The WPI food inflation rose to a three-month high of 4.69% in November from 1.07% in October, driven by a surge in prices of key vegetables, mainly onions. The wholesale inflation rate in onions spiked to a 44-month high of 101.24% in November, which pushed vegetables inflation to a three-month high of 10.44%.

Vegetables had played a crucial role in pushing CPI inflation to a three-month high of 5.55% in November as well.

“The WPI-CPI gap has remained within 5.3-5.4% since the last three months due to a greater increase in CPI led by food. Food items continue to be a major obstacle which could see a rise in both WPI and CPI. However, as WPI always tends to rise faster than CPI, the increase in food could narrow the gap,” said Anitha Rangan, chief economist, Equirus Securities.

“Overall, the wholesale price inflation trajectory shows energy input and manufacturing costs remain broadly under control. This was also reflected in retail CPI inflation earlier this week, but the volatility in vegetable prices may continue to impact the headline CPI inflation in the near term,” Barclays economists said in a report.

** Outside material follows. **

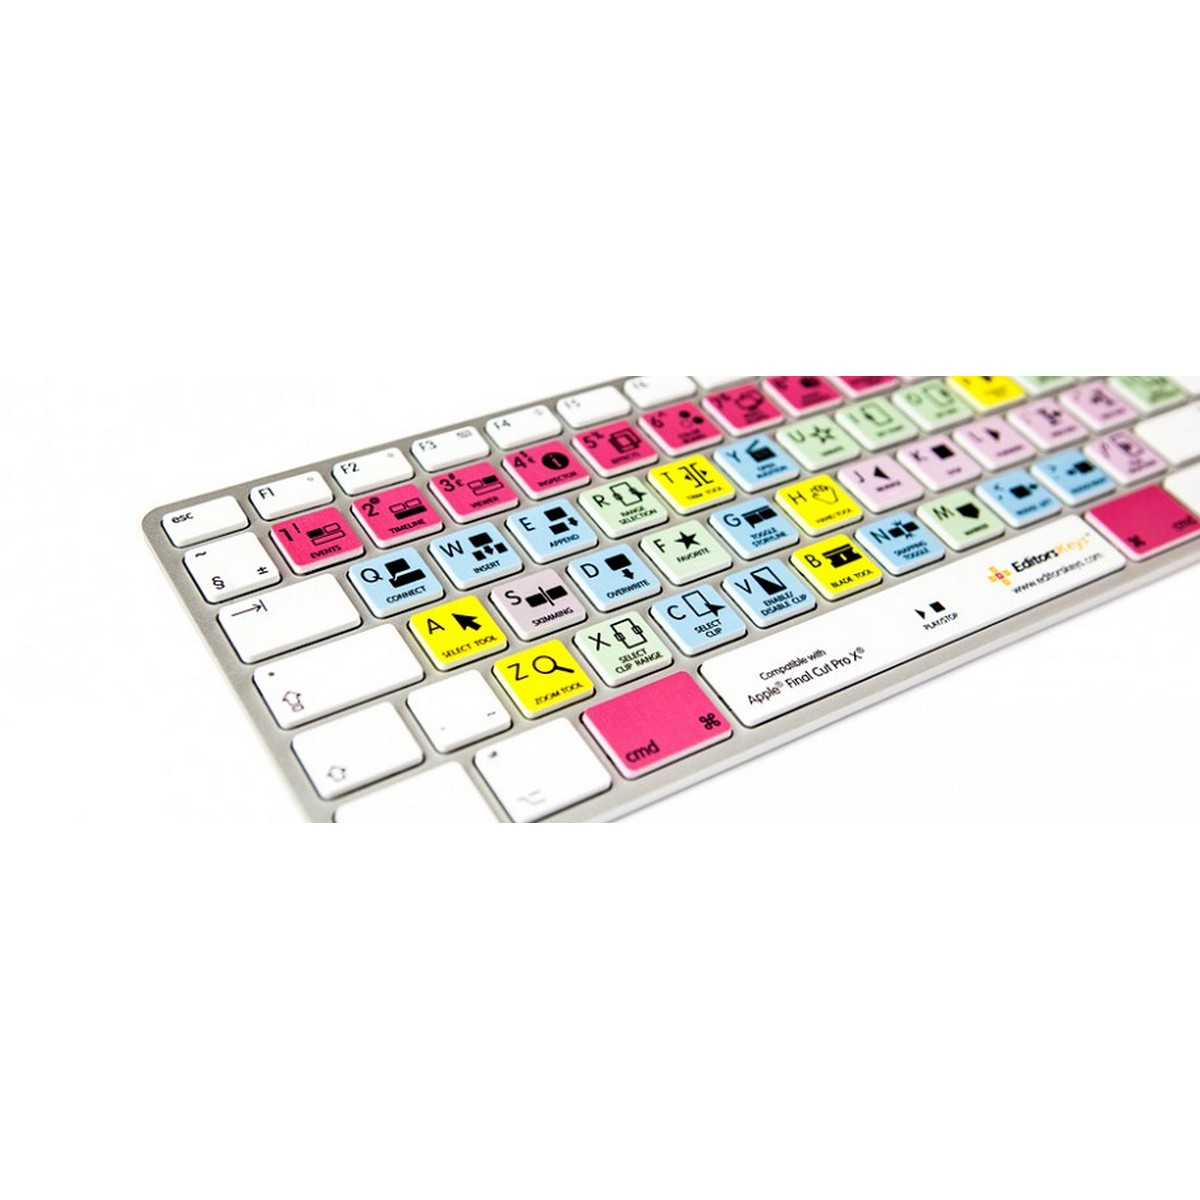 Editors Keys Dedicated Keyboard for Final Cut Pro X | Apple Shortcut Wired Keyboard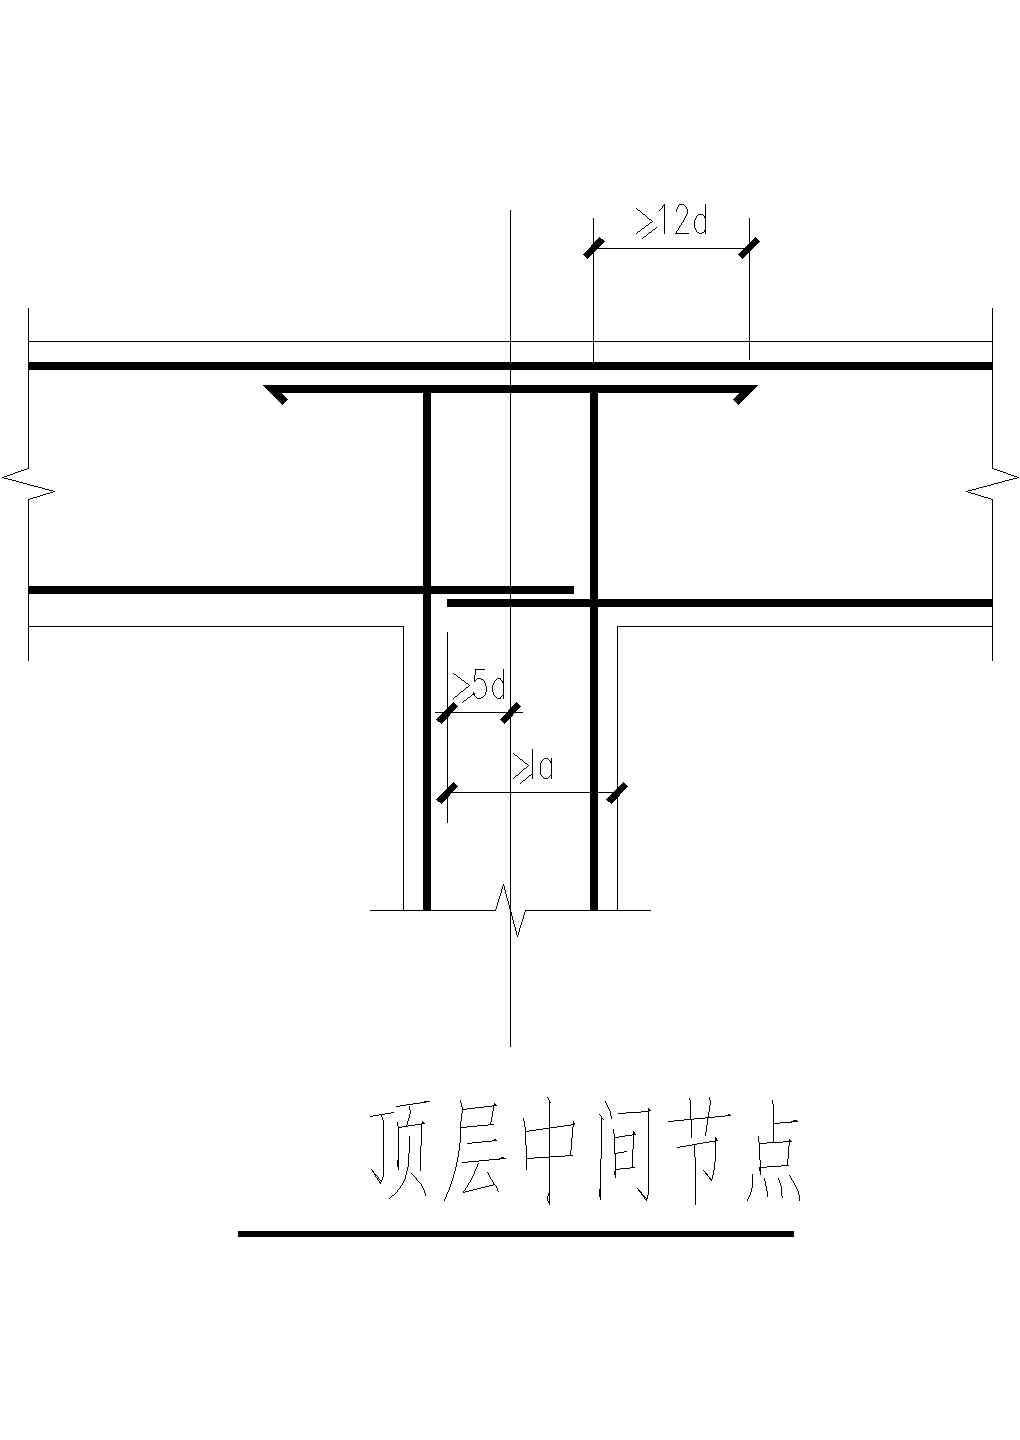 某建筑顶层中间节点设计详图

Among the three groups – the inflation rate of ‘primary articles’, consisting largely of food items, rose to 4.76% in November from 1.82% in October, while that of ‘fuel and power’ decreased to (-)4.61% from (-)2.47%. Inflation of ‘manufactured products’ increased to (-)0.64% in November from (-)1.13% a month back.

However, on a sequential basis, the indices of all the three groups were higher during November – with ‘primary articles’ recording a 1.3% rise month-on-month, the sharpest in 4 months. The indices of ‘fuel and light’ and ‘manufactured products’ were up 0.8% and 0.1%, respectively, month-on-month.

Apart from vegetables, sequential upticks in prices were seen in cereals, pulses, fruits and milk in November.

Fuel and power’s index rose month-on-month, driven entirely by higher electricity prices, partly offset by declines in petroleum products, and flat coal prices.

The inflation of ‘manufactured products’, which accounts for 64% of the WPI basket, remained negative for the ninth straight month in November. This is perhaps a consequence of lacklustre global demand for industrial metals, which is driving manufactured prices lower.

“That said, while manufacturing remains in a deflationary trend, the positive takeaway is that the intensity of price decline has been coming down. As industrial activity continues to recover, we will see manufacturers get back pricing power which will help improve their profitability going forward,” said Mohit Ralhan, CEO, TIW Capital.

In the coming months, the rising domestic food prices as well and an unfavourable base may push WPI inflation above 1.5% in December, say experts.

“Nevertheless, the headline print is unlikely to increase substantially thereafter, amid expectations of commodity prices remaining benign; we expect the WPI inflation to print at 1.5-2.0% in the remainder of FY24,” said Aditi Nayar, chief economist, ICRA.